Inside the glasses jingled, and outside the children fired crackers. They had erected a climbing pole before the church, and wooden horses and organ-grinders had come from Saverne, and there was a holiday at the college. In Klein’s Court, at the “Ox,” there was a fight between dogs and donkeys; in short, it was just as it was in 1830 and in 1848, and afterward. The people never invent anything new to glorify those who rise, or to express their contempt for those who fall.

But they soon found out that the Emperor had no time to lose in rejoicings. The gazette said that “his Majesty wished for peace, that he made no demands, that he was on good terms with his father-in-law the Emperor Francis, that Marie Louise and the King of Rome were to return, they were daily expected,” etc.
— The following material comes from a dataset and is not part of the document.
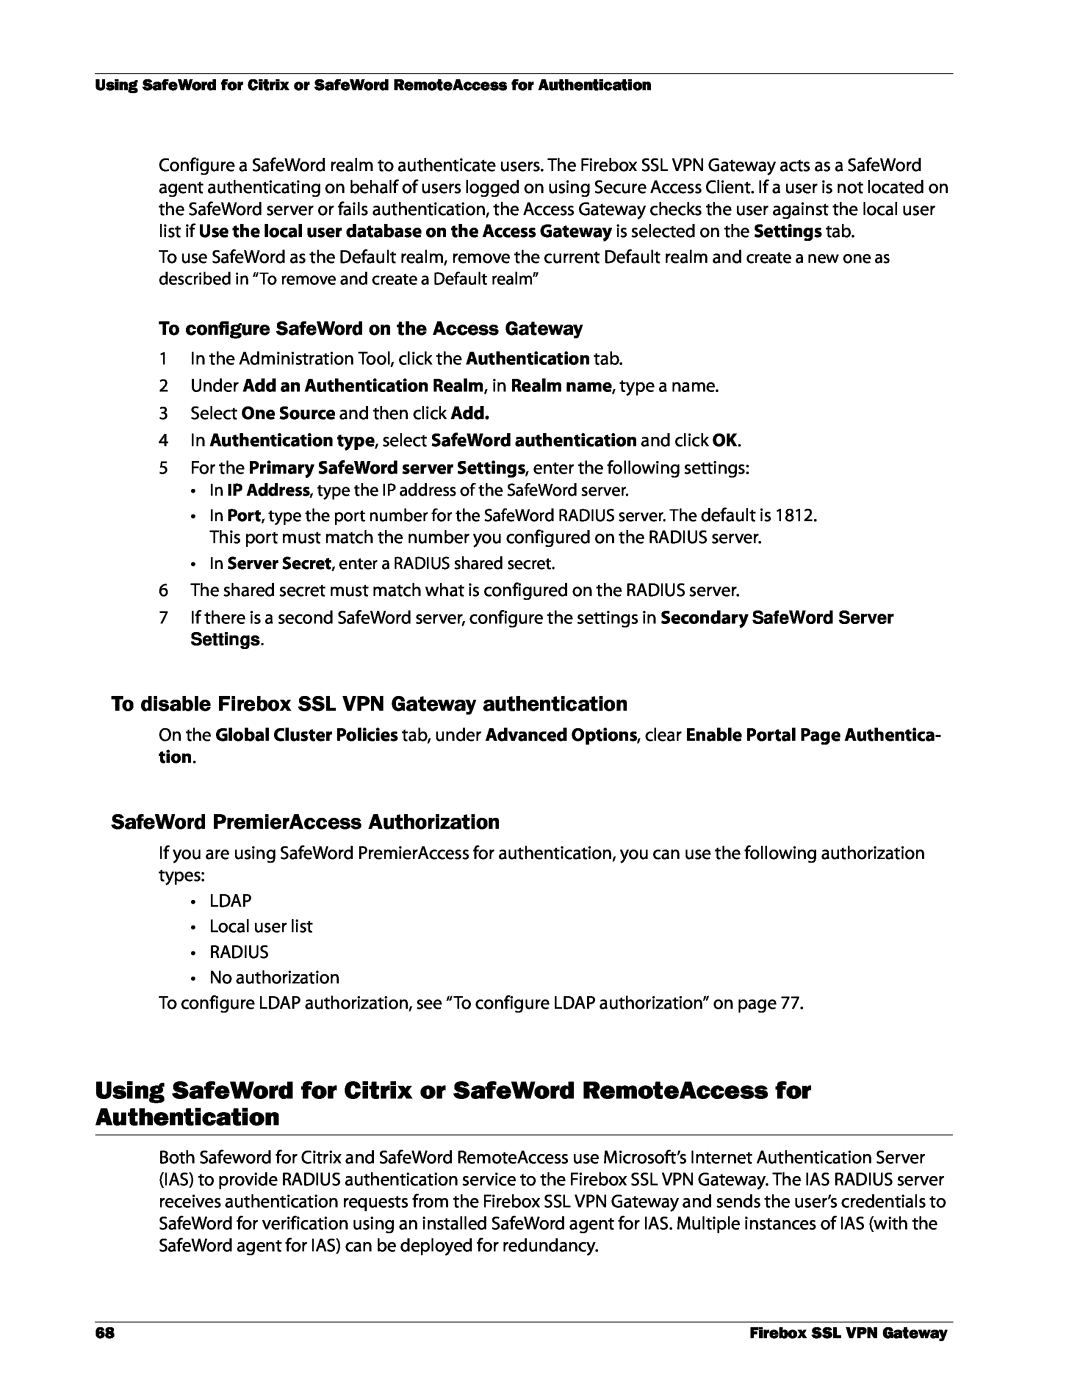 WatchGuard Technologies manual To disable Firebox SSL VPN Gateway authentication, SafeWord PremierAccess Authorization 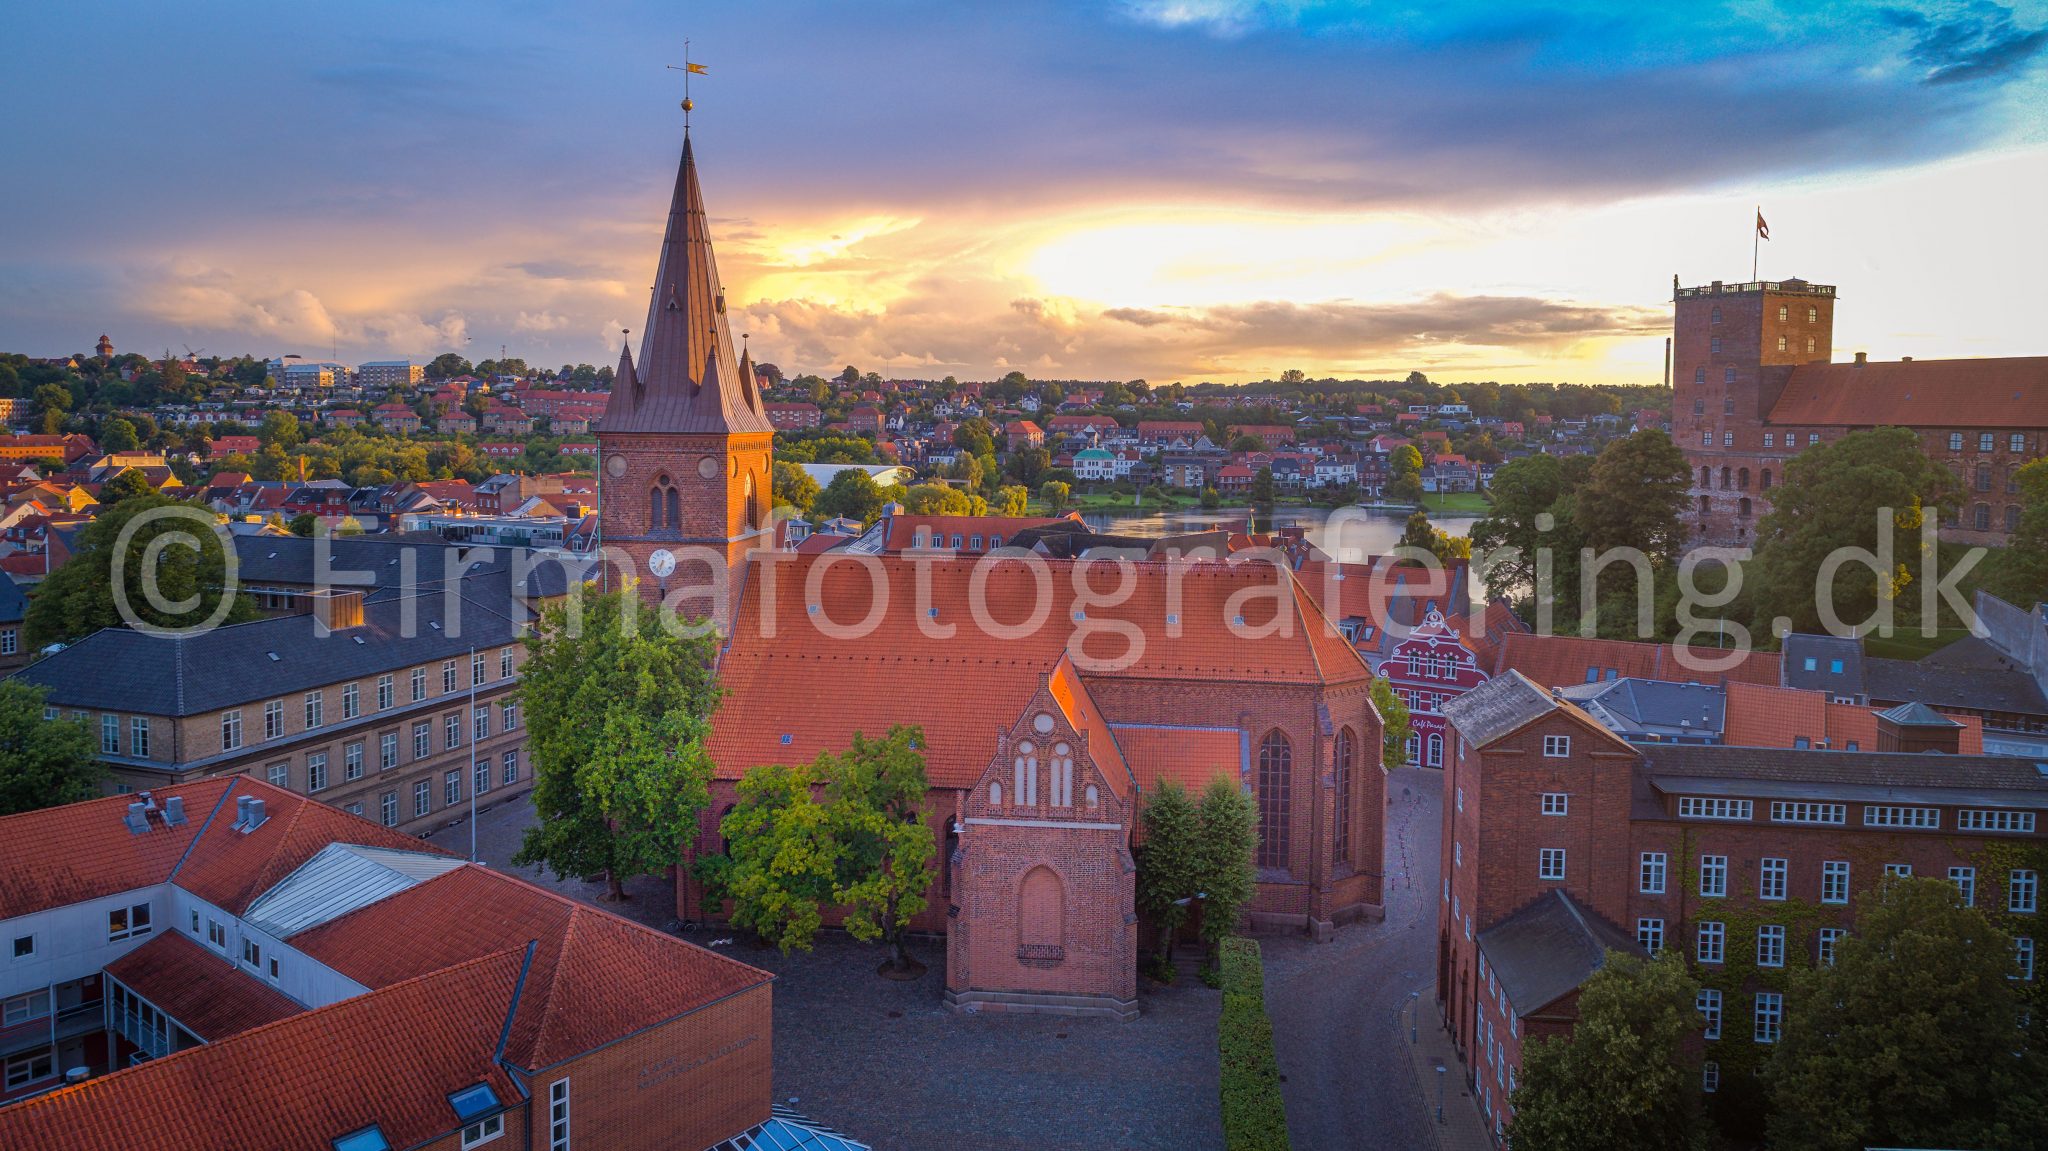 Luftfoto af Sct Nicolai kirke

But meanwhile the order arrived to arm the place. Two years before Pfalzbourg was a hundred leagues from the frontier. The ramparts were in ruins, the ditches filled up, and there was nothing in the arsenal but miserable old muskets of the time of Louis XIV., which were discharged with matches; and the guns were so unwieldy on their heavy carriages, that horses were required to move them. The arsenals were really at Dresden and Hamburg and Erfurt; but though we had not stirred, we were ten leagues from Rhenish Bavaria, and it was upon us that the first shower of bombs and bullets would fall. So, day after day, we received orders to restore the earthworks and to clear out the ditches and to put the old ordnance in good condition. At the beginning of April a great workshop was established at the arsenal for repairing the arms, and skilful engineers and artillerists arrived from Metz to repair the earthworks of the bastions and make terraces around the embrasures. The activity was very great—greater than in 1805 and in 1813, and I thought more than once that these extensive frontiers had their good side, because we might in the interior live in peace, while they took the blows and bombardments.